Pool requests do not merge immediately with the main branch, but accumulate in the queue. Merge Queue v1 controlled the size of the queue and prevented merging when the wizard had too many changes that had not yet been rolled out in production. This reduced the risk of crashes and possible production lag. During incidents, we blocked the queue, providing space for emergency fixes.





Browser extension Merge Queue v1



Through the browser extension Merge Queue v1, developers sent pool requests to the merge queue in the GitHub interface. It also made it possible to quickly roll corrections during emergencies, bypassing the queue.



Problems with Merge Queue v1



Merge Queue v1 tracked pool requests, but the CI system did not work on the pool requests that are in the queue. On some unlucky days — when incidents had to suspend deployments — more than 50 pool requests were piling up in the merger queue. Combining and deploying a queue of this size can take several hours. There is also no guarantee that the pool request in the queue will go through the CI after merging with the main branch, since there may be soft conflicts between requests in the queue (two independent pool requests go through the CI separately, but not together).



The main headache was the browser extension. New developers sometimes forgot to install it, sometimes they merged directly to the main branch instead of sending the pool request to the queue. This threatened with devastating consequences if the deployment was already far behind or the queue was paused due to the incident.



Merge Queue v2



This year we released the second version of the queue - Merge Queue v2. We focused on optimizing throughput by reducing queue downtime and improving the UI, replacing the browser extension with a more integrated interface. We also wanted to solve problems that we could not solve with the previous version of the system: to keep the wizard green and faster to roll emergency fixes. In addition, our solution was to withstand untrustworthy tests that fail with unpredictable results.

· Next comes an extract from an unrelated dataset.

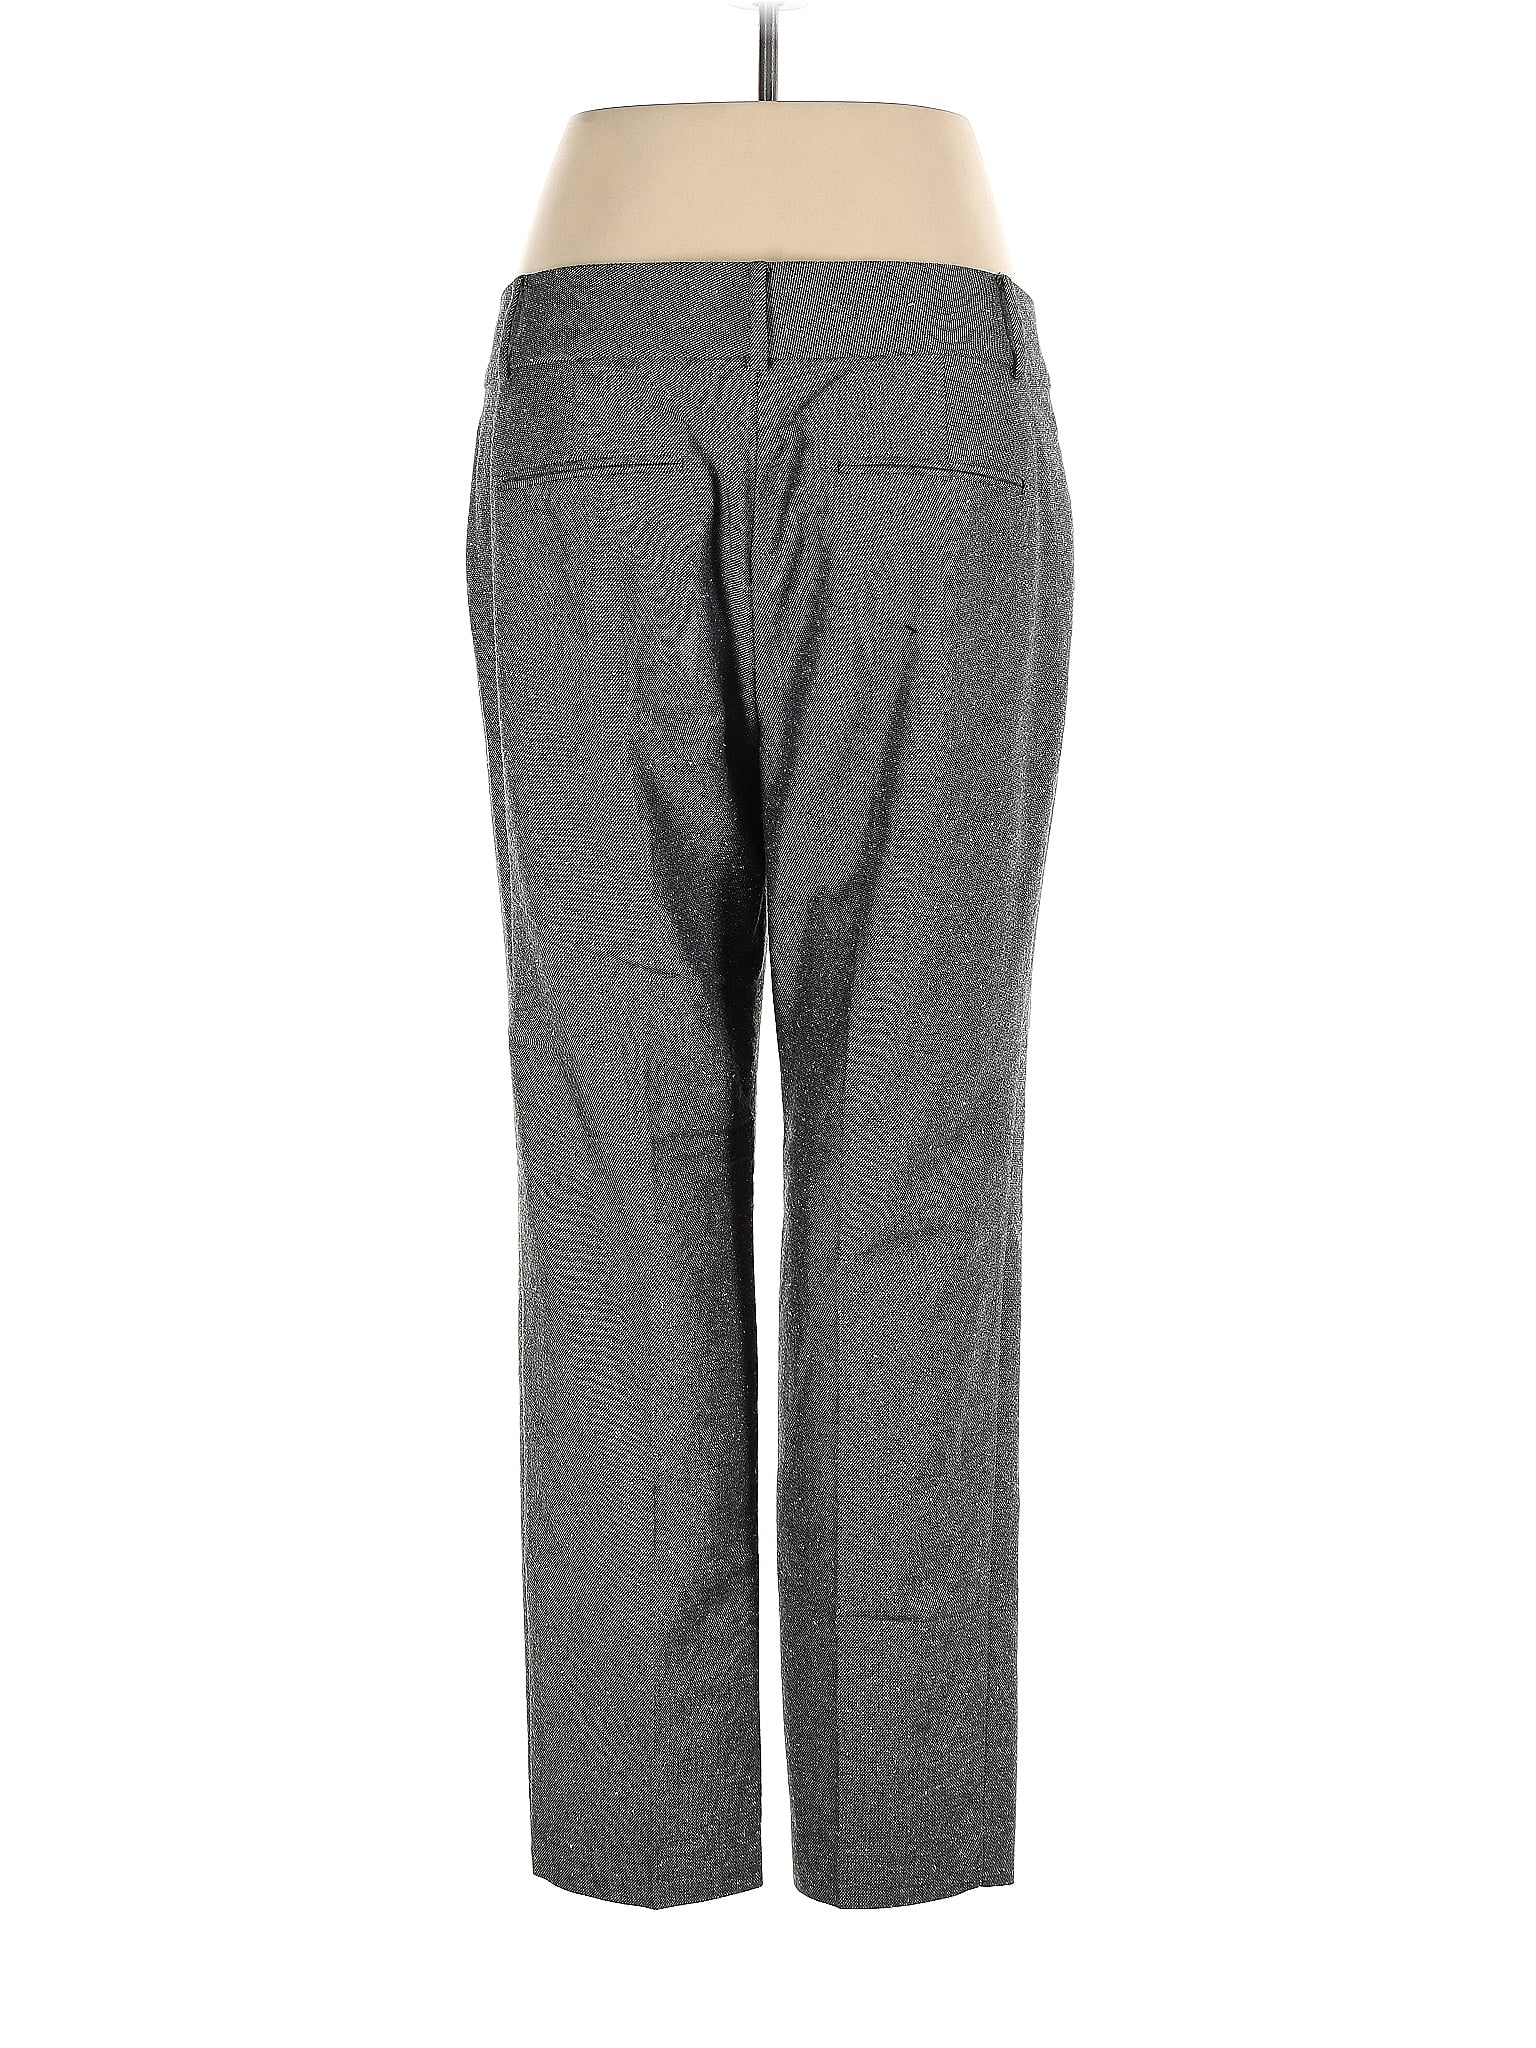 Ann Taylor Multi Color Gray Casual Pants Size 14 (Tall) - 71% off

Opt out of browser extension



Merge Queue v2 implemented a new interface. I wanted it to be intuitive to developers familiar with GitHub. We drew inspiration from the Atlantis system that we already used in our Terraform installation and made a comment-based interface.





Merge Queue v2 with Comment Based Interface



A welcome message with instructions for using the merge queue is issued for each pool request. Each merge now begins with a /shipit



. He sends a web hook to our system, reporting a new pool request. We verify that the pool request has passed the CI and is approved by the reviewer before adding it to the queue. If successful, this comment is answered with a positive emoji through addReaction from GitHub GraphQL .



 addReaction(input: { subjectId: $comment_id content: thumbs_up })
      
      





Other pool request comments report errors, such as an invalid branch or missing reviews.



 addComment(input: { subjectId: $pr_id body: $error_message })
      
      





Merging directly into the master bypassing the queue reduces overall throughput, so we programmatically disabled the ability to merge directly into the master using the GitHub branch protection feature, which is part of the queue integration process.



 createBranchProtectionRule(input: { repositoryId: $repository_id pattern: 'master' # This is how we disable to merge pull request button for non-admins. restrictsPushes: true # Admins should be able to use the merge button in case merge queue is broken # The app also depends on this to merge directly in emergencies isAdminEnforced: false })
      
      





However, we still need the possibility of direct mergers bypassing the queue when an emergency occurs. For these cases, we added a separate command /shipit --emergency



, which blocks any checks, and the code flows directly into the master. This helps to convey to the developers that direct mergers are reserved only for emergencies, and we have the opportunity to check each such pool request.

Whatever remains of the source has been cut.